An interview with a former Census Bureau director about the messy, uncertain future of the 2020 U.S. census

On the giant list of problems facing the country compiled daily by stressed-out Americans, the fate of the 2020 census is perhaps not near the top. But no matter what you care about, if it has to deal with politics, you should care a bit about the census — especially since Census Bureau director John Thompson just resigned last week. Also, the agency's staff are expected to debut an entire new digital system for collecting the data without spending any more money than they did for the 2010 census. In short, things aren't looking too good at this exact moment for those hoping that the census paints an accurate portrait of America, as the framers of the Constitution demanded.
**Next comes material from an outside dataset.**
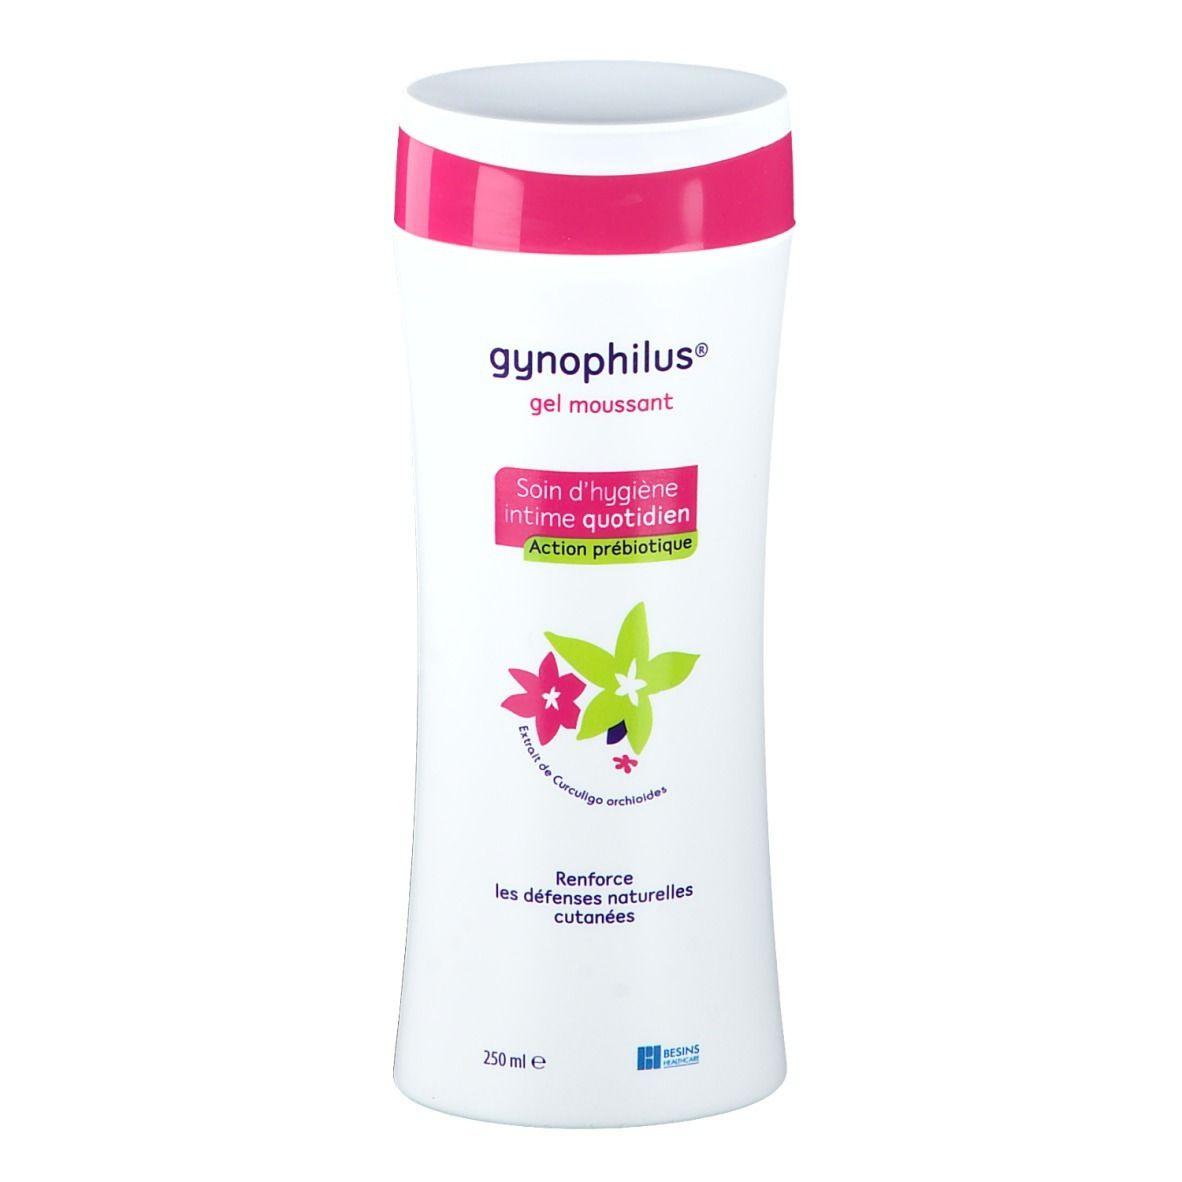 GynOphilus® Gel moussant Soin d'hygiène intime quotidien ml gel(s)

A bad census (i.e., one that started with massive snafus that called into question the data, or that obviously under- or overcounted certain populations) could have huge implications for what policies do or don't get implemented after the 2020 election. On top of that, if the census goes completely awry, we'll have an even more imperfect idea of what our country looks like at a time when there’s already much disagreement about its contours.

So … how bad do things look? Is the Census Bureau going to be ready to start counting us all up on April 1, 2020? We called up Kenneth Prewitt, who directed the Census Bureau before the 2000 census, to see where things stand.

[This interview has been edited and condensed for clarity.]

MTV News: To start off, let's get the big question out of the way. Exactly how much trouble is the 2020 census in right now?

Kenneth Prewitt: There are two issues that make it very troubling. One is the leadership vacuum, which can be fixed, but needs to be fixed intelligently. The second issue is the budget. Congress instructed the Census Bureau to conduct the census in 2020 without spending more money than they did in 2010. That's unprecedented. Nothing had been dumped on the census like that before. The population grows, people are harder to count, they are less trusting and more uncooperative, there are many more people for whom English is a second language — all things that make the next census harder to count than the prior one. The bureau went to work, investing heavily in new technology that would allow it to try and keep the census cost down. And with new technologies, you don't know until you've tried them if they're going to work.

Was it ever within the realm of possibility that the 2020 census could have cost the same as the 2010 one?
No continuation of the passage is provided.